PS; I'm sure I won't be posting much in here anymore, especially not drawings. I have no time for a life outside of my work, so I apologize in advance.

Sunday, March 28, 2010

The work life

So recently, as in like a week ago I, finally, got a job. Of course it's a waitressing job, at Leo's in Dearborn. Surprisingly it's literally busy from the time I walk in till the time I leave. My feet hurt everyday. In fact while I type this I am soaking my feet because they hurt so much. Anyways, I work all the time, 8-4am which means I let my social life go, and am really sad about this. It's like now that I actually have money, I have no one to spend it with. However I do like the people I work with, they are all very very nice.

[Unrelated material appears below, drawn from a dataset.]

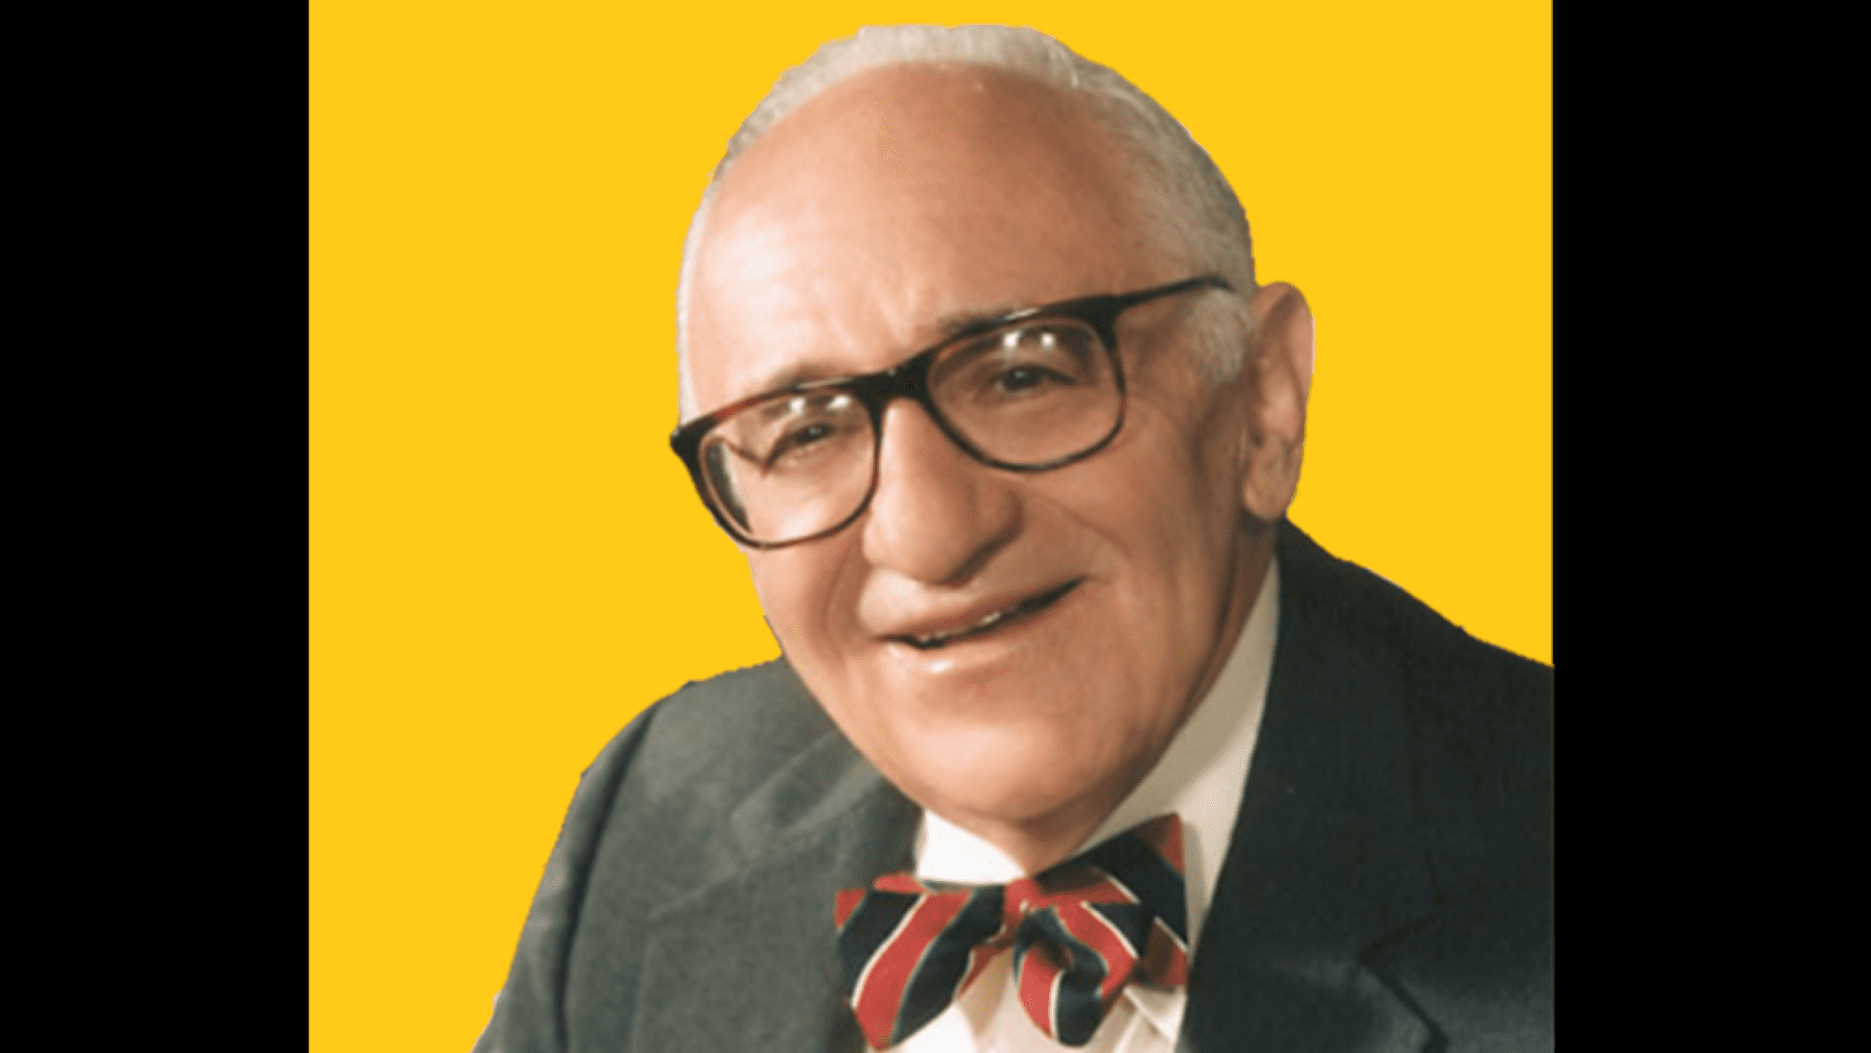 Across his many political coalitions, Murray Rothbard remained steadfast in his opposition to war and to American intervention abroad.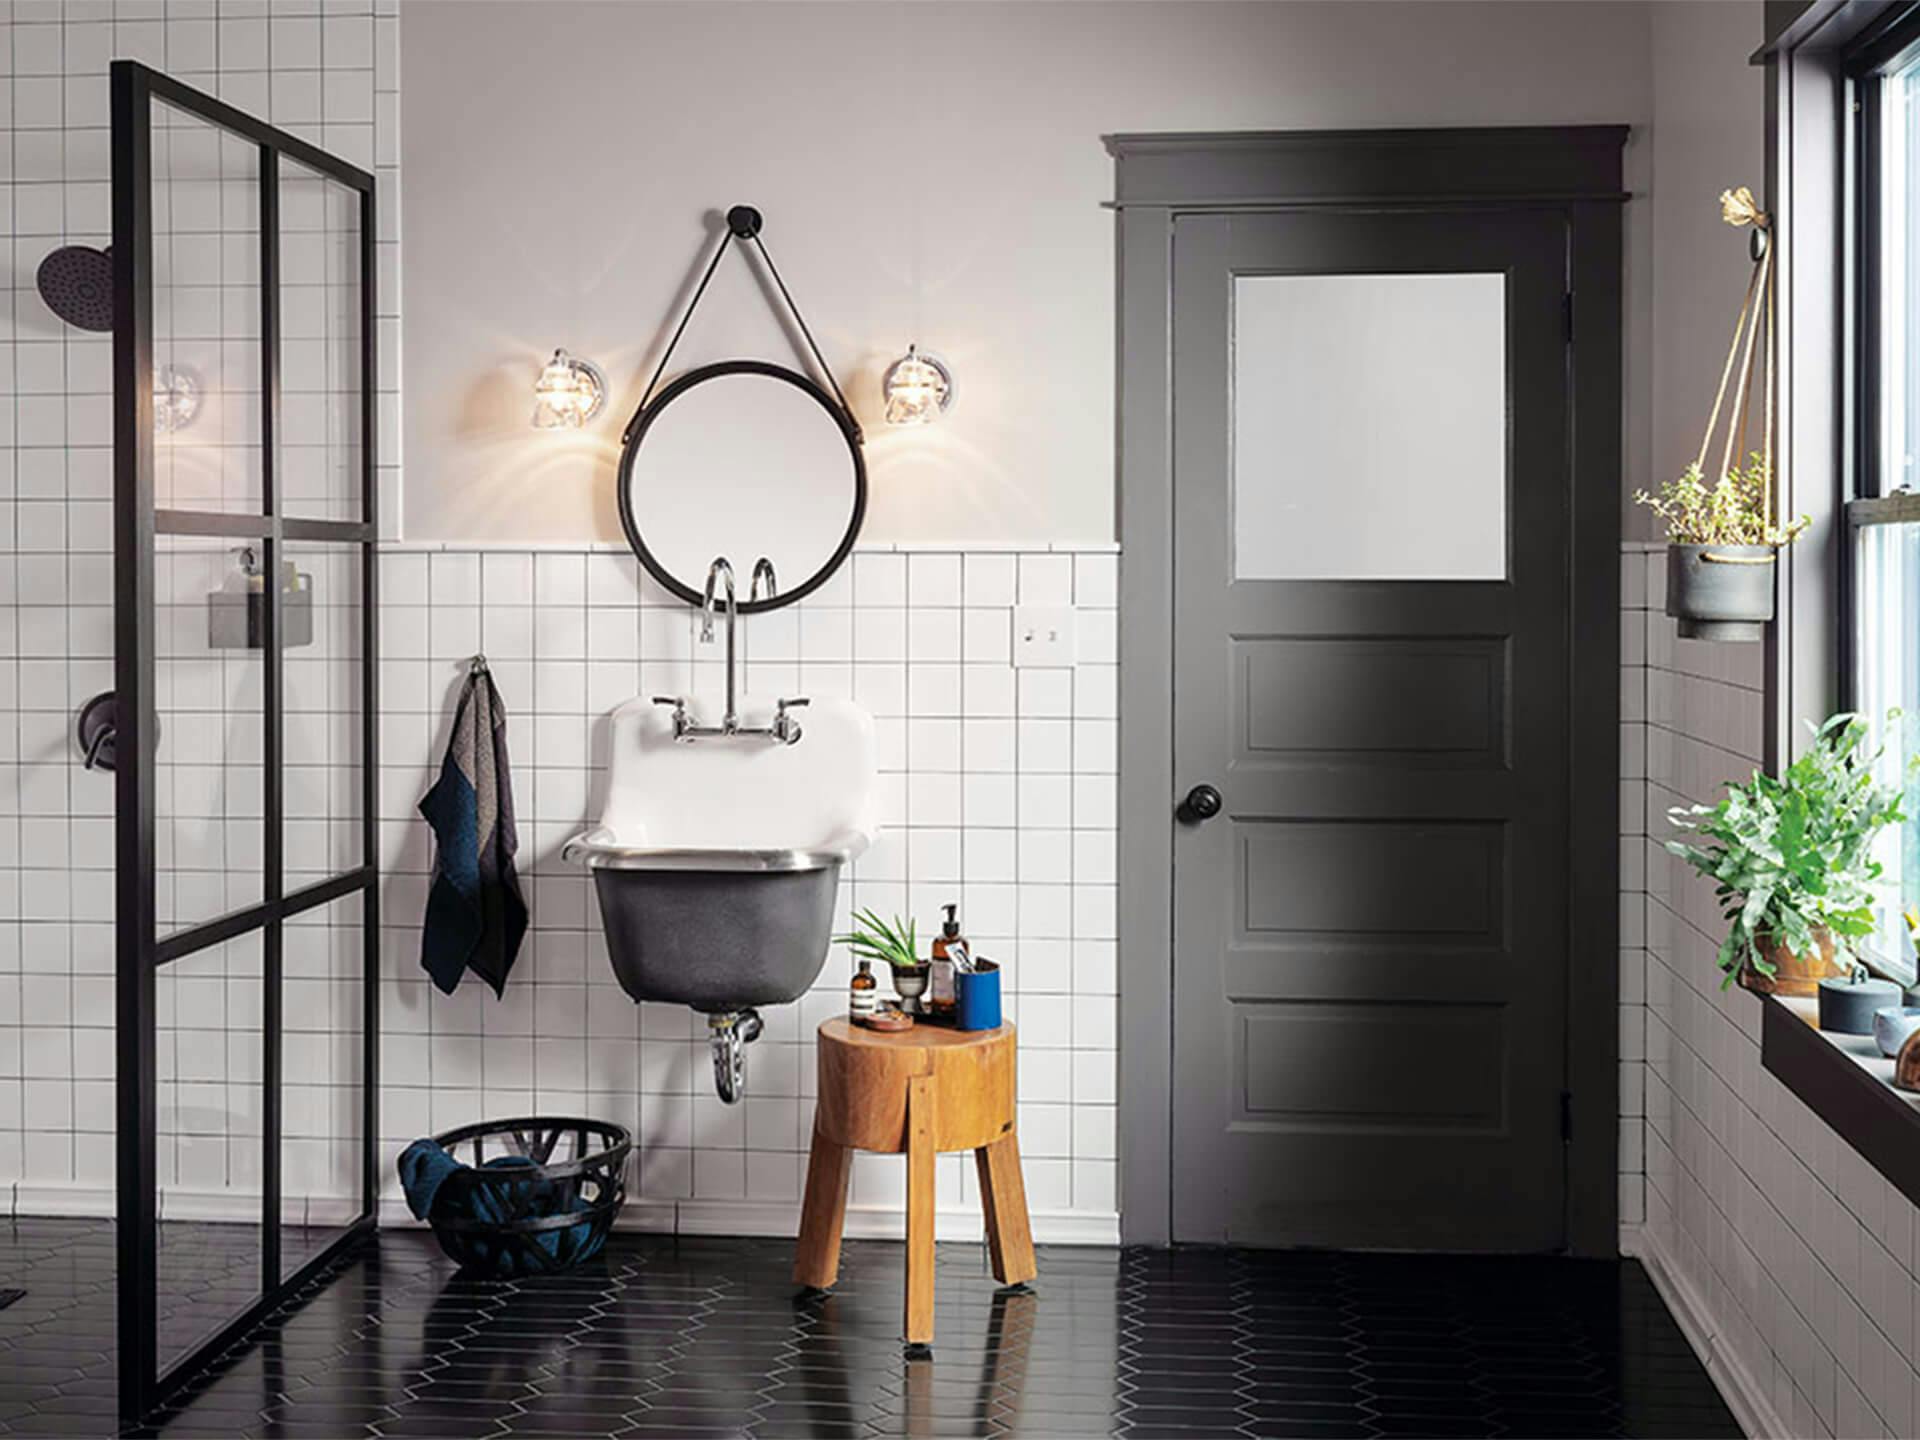 A modern bathroom with Talland vanity lights on either side of a mirror above an industrial bathroom sink turned on during the day

The one thing I would love to change is the cooks yelling at me when THEY mess up an order, but hey whatever.
Every night I go in I get nervous, but half way through the shift I'm happy again. I love my job secretly, but I also love to complain. I just keep tellin' myself, I'm bettering myself and if people don't wanna be on board with me and stay my friends, fuck em' plenty more people to befriend out there. All I know is, I have no worries other than obvious ones. OH, and I'm lookin for a personal foot massage therapist. Even though Chelsea does a lovely job:)

Till next time, bye bye bloggy woggy. No drawings tonight, no time to draw anymore. Work has got the best of me.
PS: super stoked for my half sleeve to get started Monday, ALL SMILES.

Tuesday, March 23, 2010

Post Birthday

So, yesterday was my day O' birth, for those who don't already know. I am now 19, trust me, nothin' special happens when you get older each year. I still look like I should get the kid's menu everywhere I go, and an ID is a must because people still think I'm about 16. Hell, I still feel like I am 16 sometimes. Anyways, I had a good birthday, even though I didn't have any large parties nor did it turn out as I expected, but I'm happy about that. Everyone was very nice to me, sometimes I wish everyone could just pretend everyday was everyones birthday so we'd all constantly be nice to one another, but I guess thats what makes it such a special day. The fact that one day a year you get to be treated like the most important person to those around you, it's kind of a cool concept.
I was going to make this whole post about me, and how in the past two months I have made my life pretty much perfect, or at least to me. Sure there are some things I wish would change, but as of right now, this very moment, I couldn't be happier with everything I'm doing. I got accepted into the college I want to go to, I got a new job, which I already love. I have weeded through all my 'friends' and came out with an amazing best friend, and a select few that are just amazing friends even if I do not see them as often as I'd like. But surely, I am happy and it's weird to walk around everyday with a smile on my face and it's actually there because it is genuine and I am genuinely pleased with my life.
Enough about me and my accomplishments though, I just wanna say I am so thankful I have a family that even though they can't give me everything I want, and sometimes need, they try their best, especially my awesome parents. I'm glad I have parents whom all my life have supported me, no matter how stupid some of my previous decisions have been. I have a best friend who I believe sometimes puts my well being before her own, and doesn't care how much money I have, but would rather hang with me because we truly have the best times ever when we're together. Hey and sometimes I feel like we might as well be dating HAHA but really we're just that close and I love it. I even have friends that even though I don't see them daily, or even weekly, when I do see them they care so much about me still and vice versa. I am just truly grateful for all the wonderful people in my life, now I finally realize what its like when older people say; it's better to have a few close friends than a million acquaintances. And it is nice, because I could care less about what everyone else is doing, or going out and partying, like all that is great if you can truly cope with the fact your life has little to no purpose or direction. But to have direction and purpose and still have people in the same boat as you supporting and loving you constantly...it feels so much better.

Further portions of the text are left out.